Finally, a potential relationship was observed between microbiome composition and metabolomics and antidepressant treatment outcomes. Depression is a disease with a high risk of relapse and recurrence (Beshai et al., 2011); evidence suggests that experiencing a relapse or recurrence of depression potentially heightens the risk of treatment resistance (Post, 1992). Identifying predictors of response and the most suitable treatment for each patient may reduce the burden of the disease and the related costs to society (Serretti, 2022a). Heightened α-diversity at baseline was the most implicated measure in predicting antidepressant treatment outcomes, and increased abundance of certain bacterial genera, such as Faecalibacterium and Roseburia, was associated with remission and lower depression severity (Fontana et al., 2020; Duan et al., 2021; Ye et al., 2021; Lee et al., 2022). Other studies reported that α-diversity increased during follow-up in responders (Kurokawa et al., 2021; Lee et al., 2022). This aligns with the evidence of an association between α-diversity and depression severity (Bosch et al., 2022; Hu et al., 2023).

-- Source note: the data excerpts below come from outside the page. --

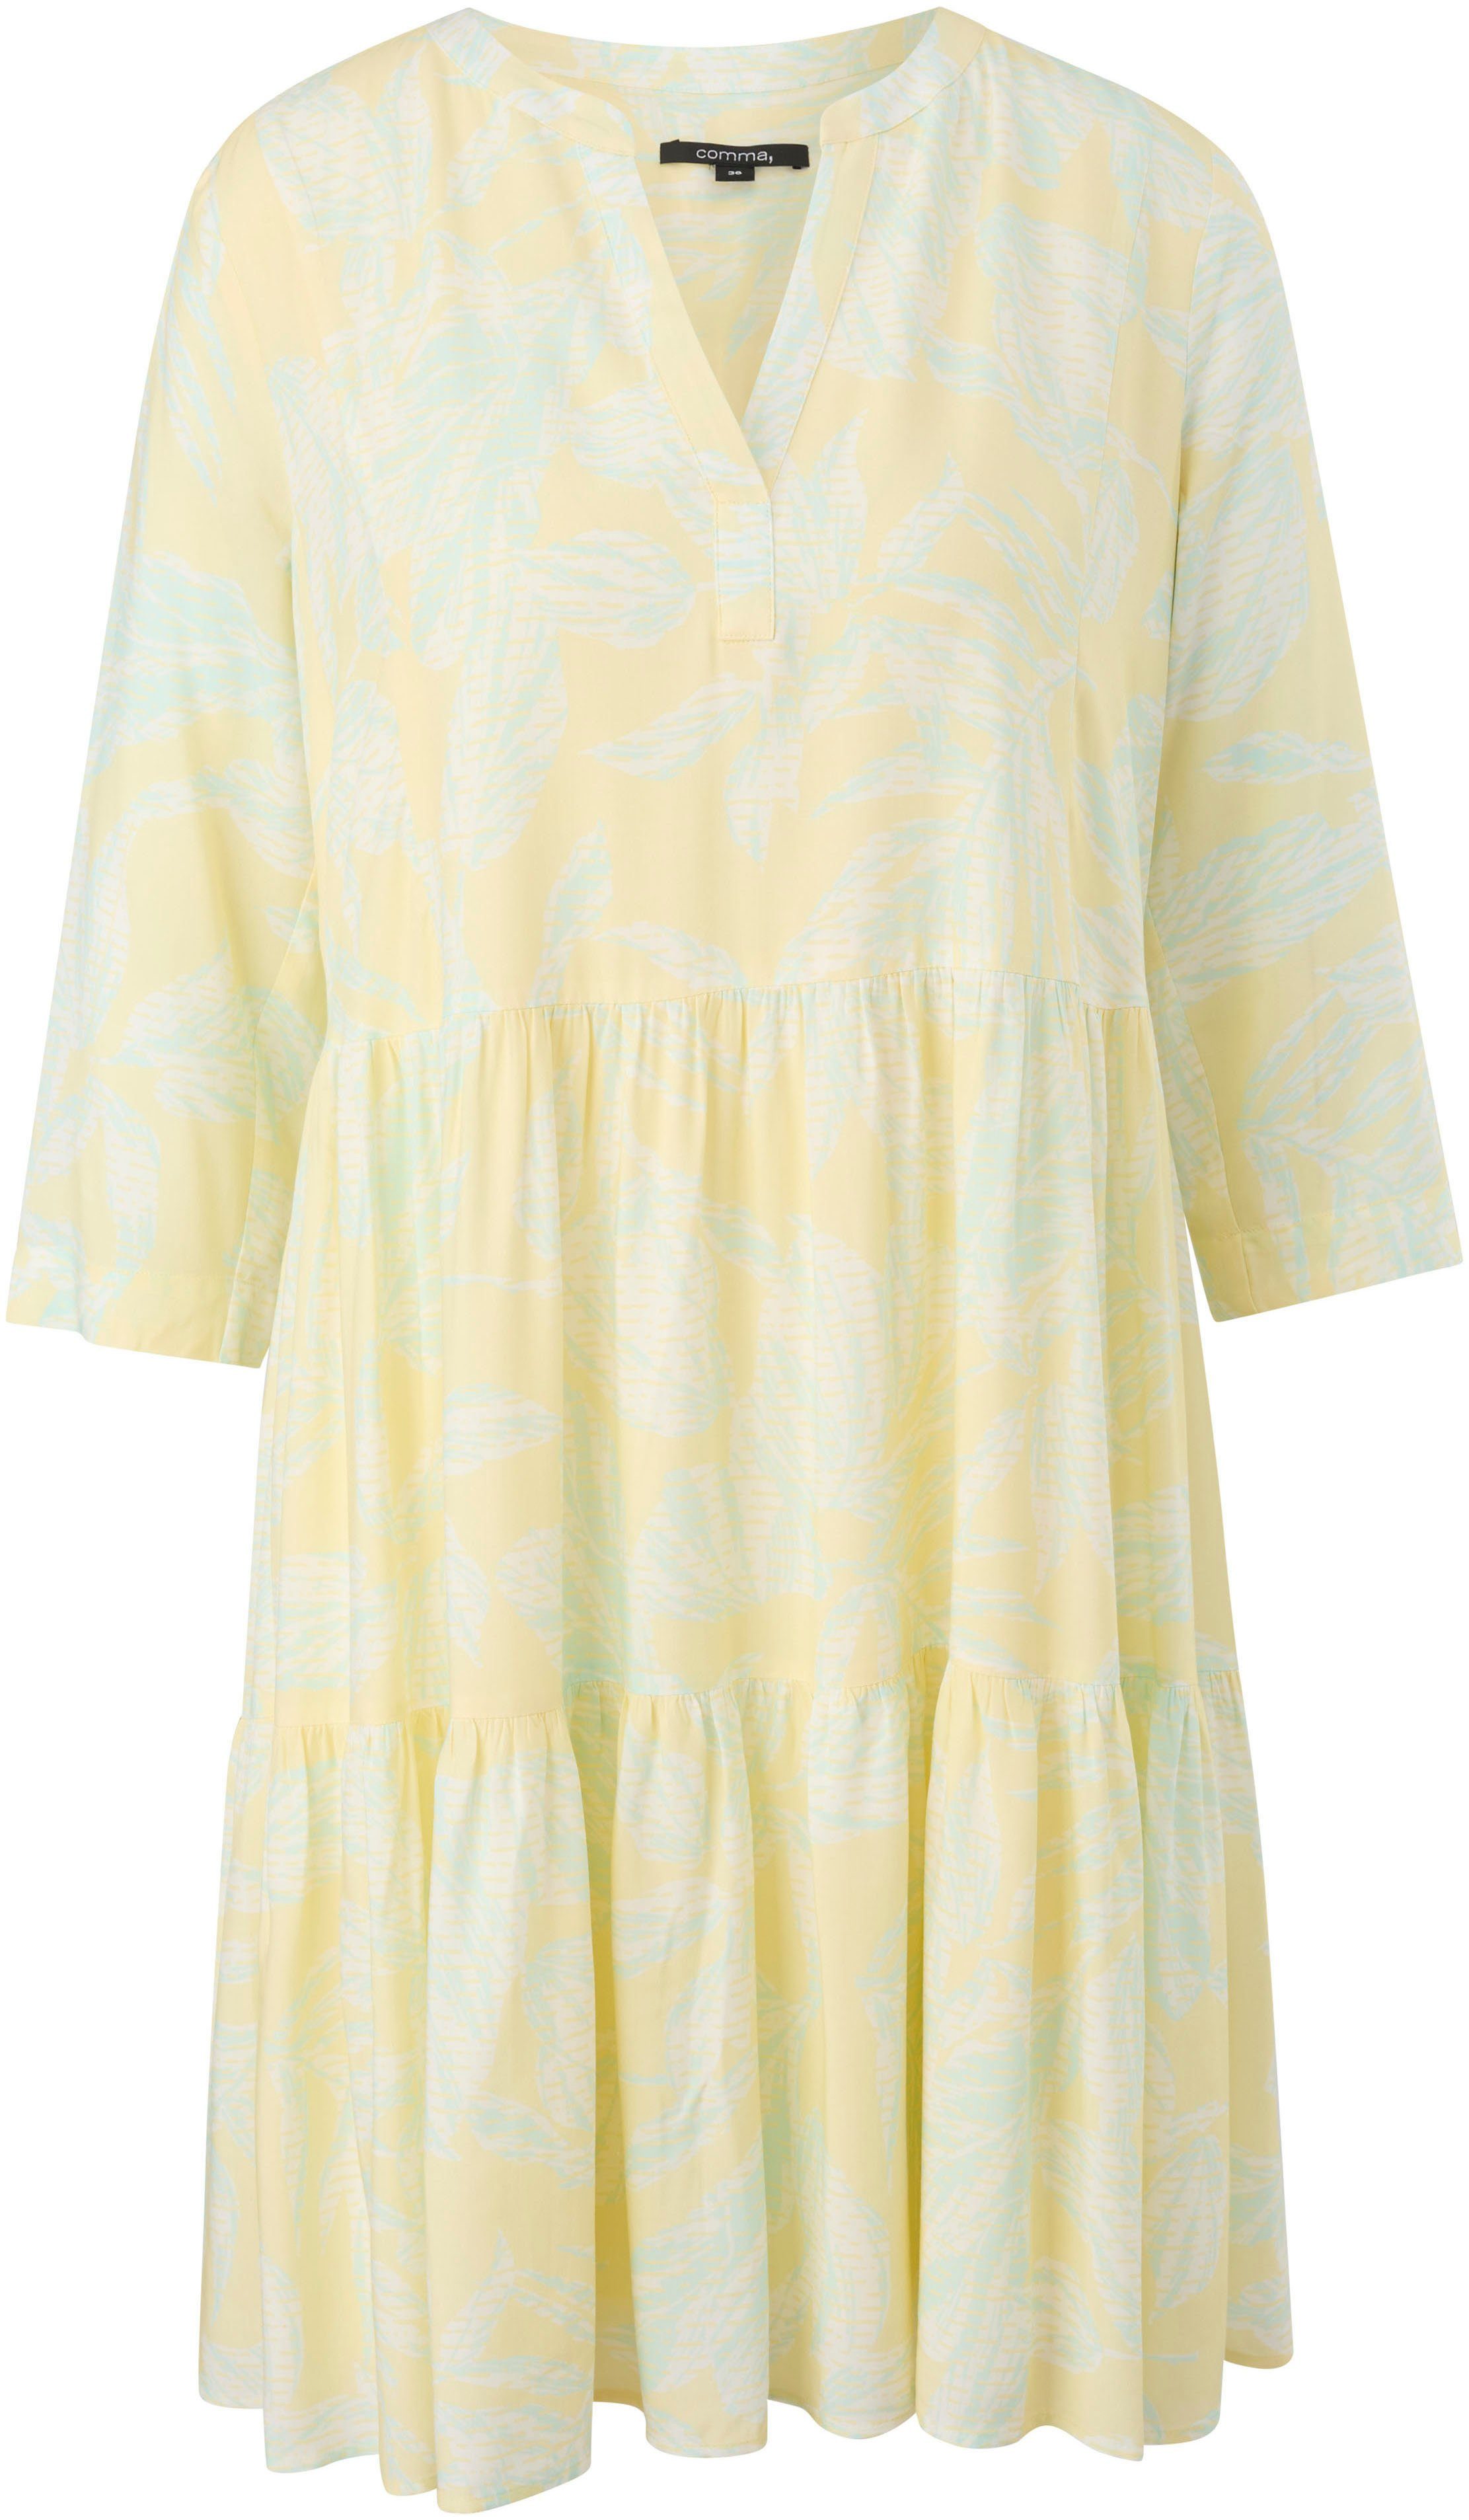 Comma A-Linien-Kleid mit sommerlichen Motiven
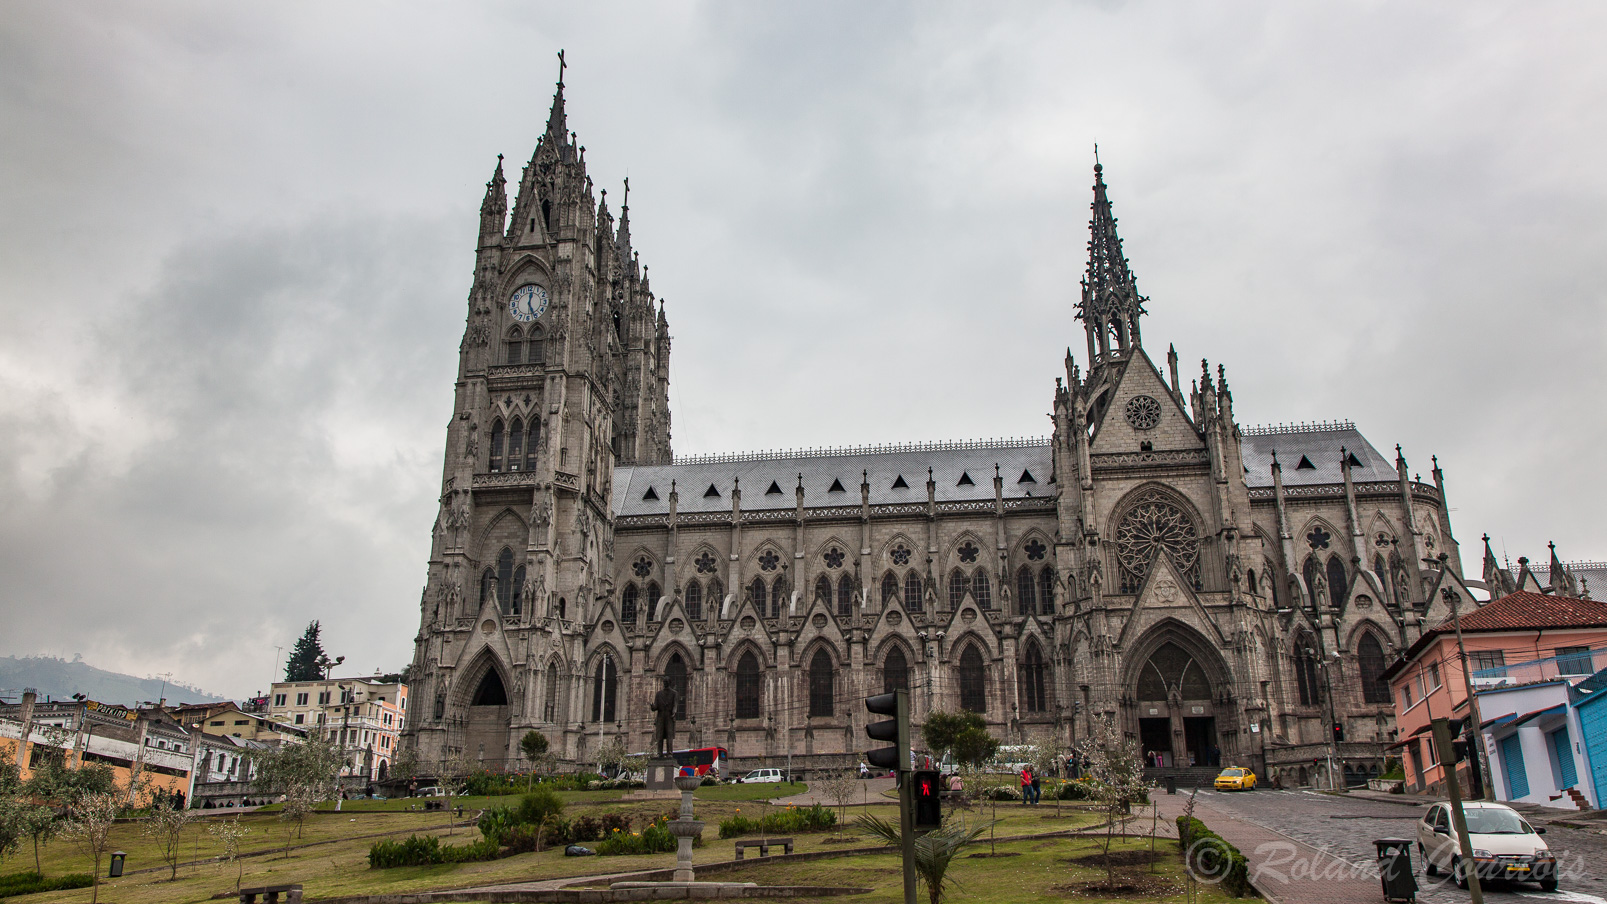 La basilique del Voto Nacional, considérée comme le lieu de culte le plus grand d’Equateur et d’Amérique du Sud, s’impose grâce à son style architectural néogothique,
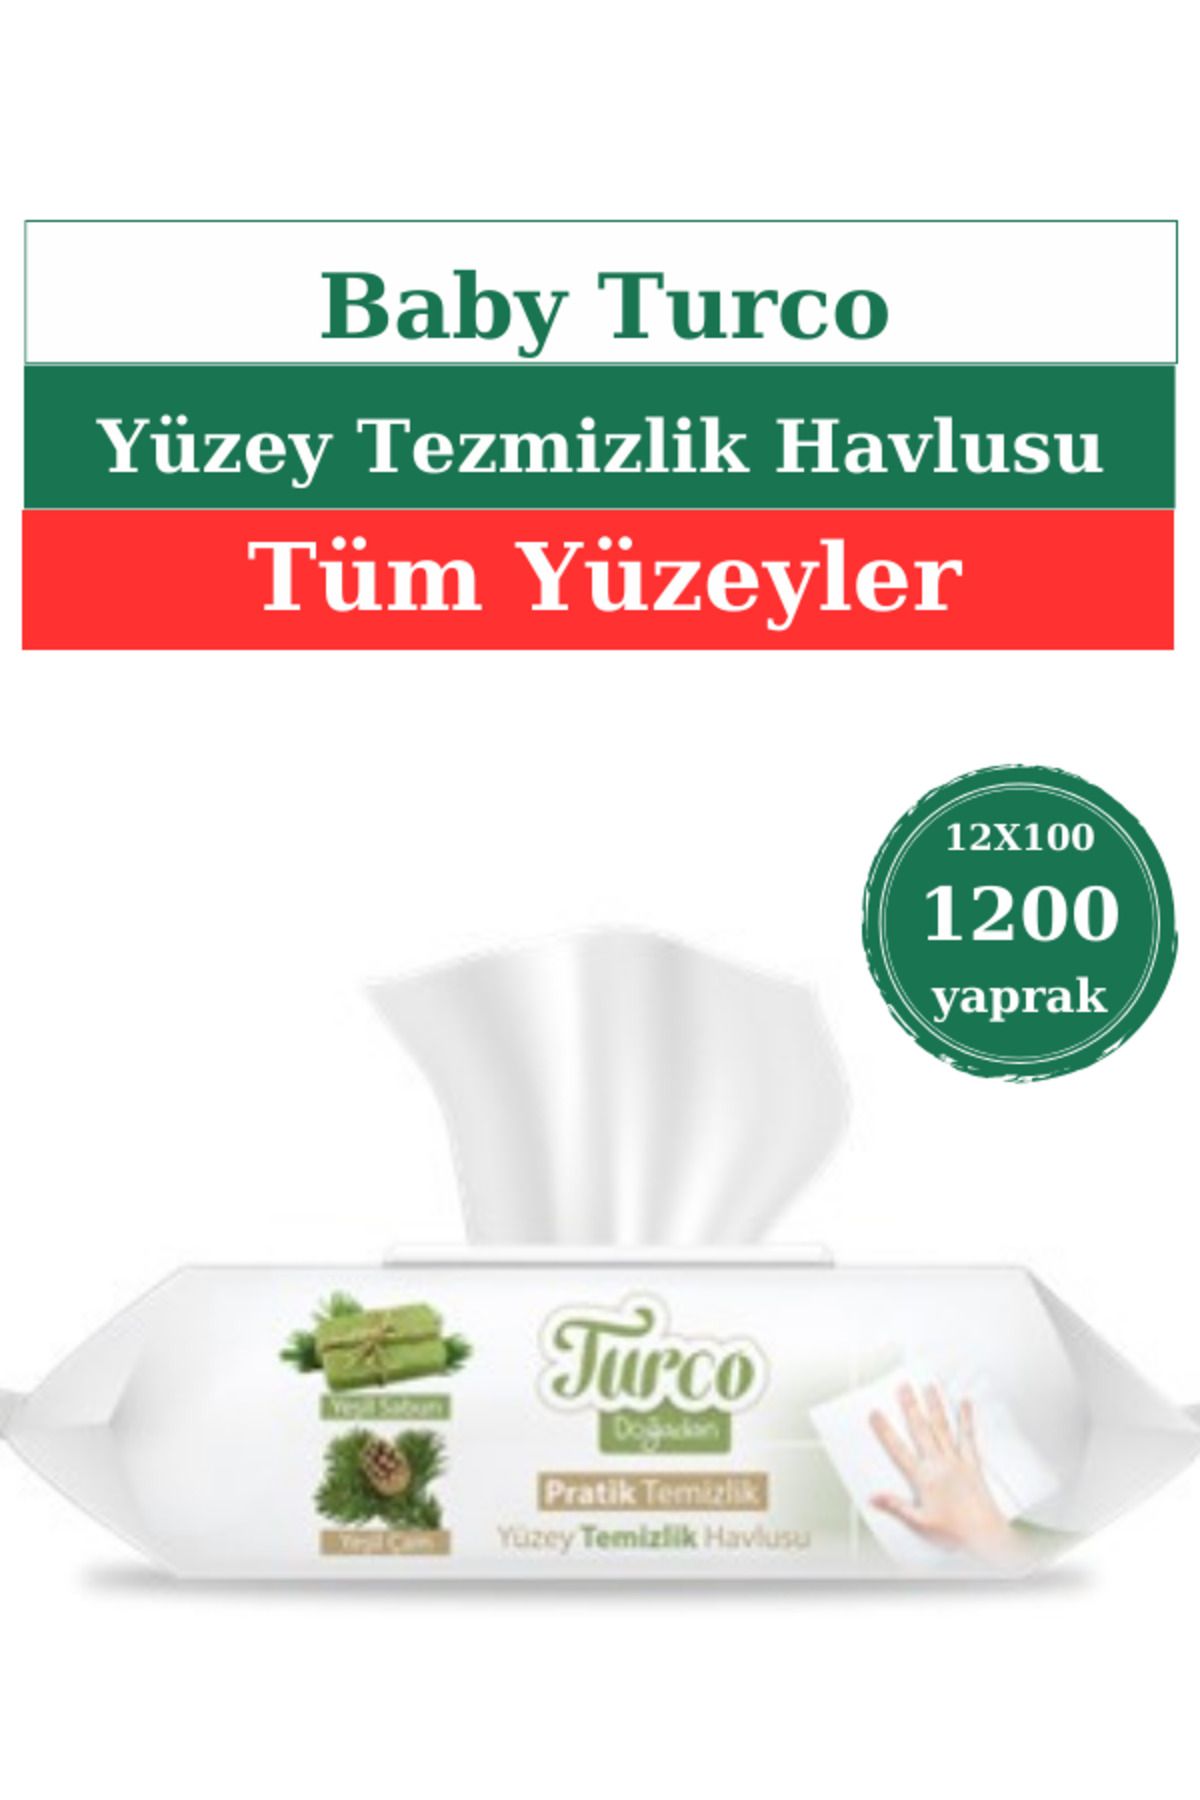 Turco Doğadan Pratik Temizlik Pratik Temizlik Yüzey Temizlik Havlusu 12x100 (1200 Yaprak)

Interestingly, specific alterations in taxa composition might be predictive of treatment resistance. For instance, bacteria belonging to the Proteobacteria phylum, such as Citrobacter and Yersinia, were found to be increased in patients with treatment-resistant depression (Fontana et al., 2020). Administration of probiotics demonstrated promising efficacy in animal models of treatmentresistant depression (Palepu and Dandekar, 2022). Moreover, metagenomics analyses revealed that the presence of sporulation genes at baseline could predict the likelihood of achieving clinical remission following SSRI treatment. This raised the possibility of identifying baseline gut microbiota characteristics that could serve as predictors of antidepressant efficacy (Wang et al., 2023).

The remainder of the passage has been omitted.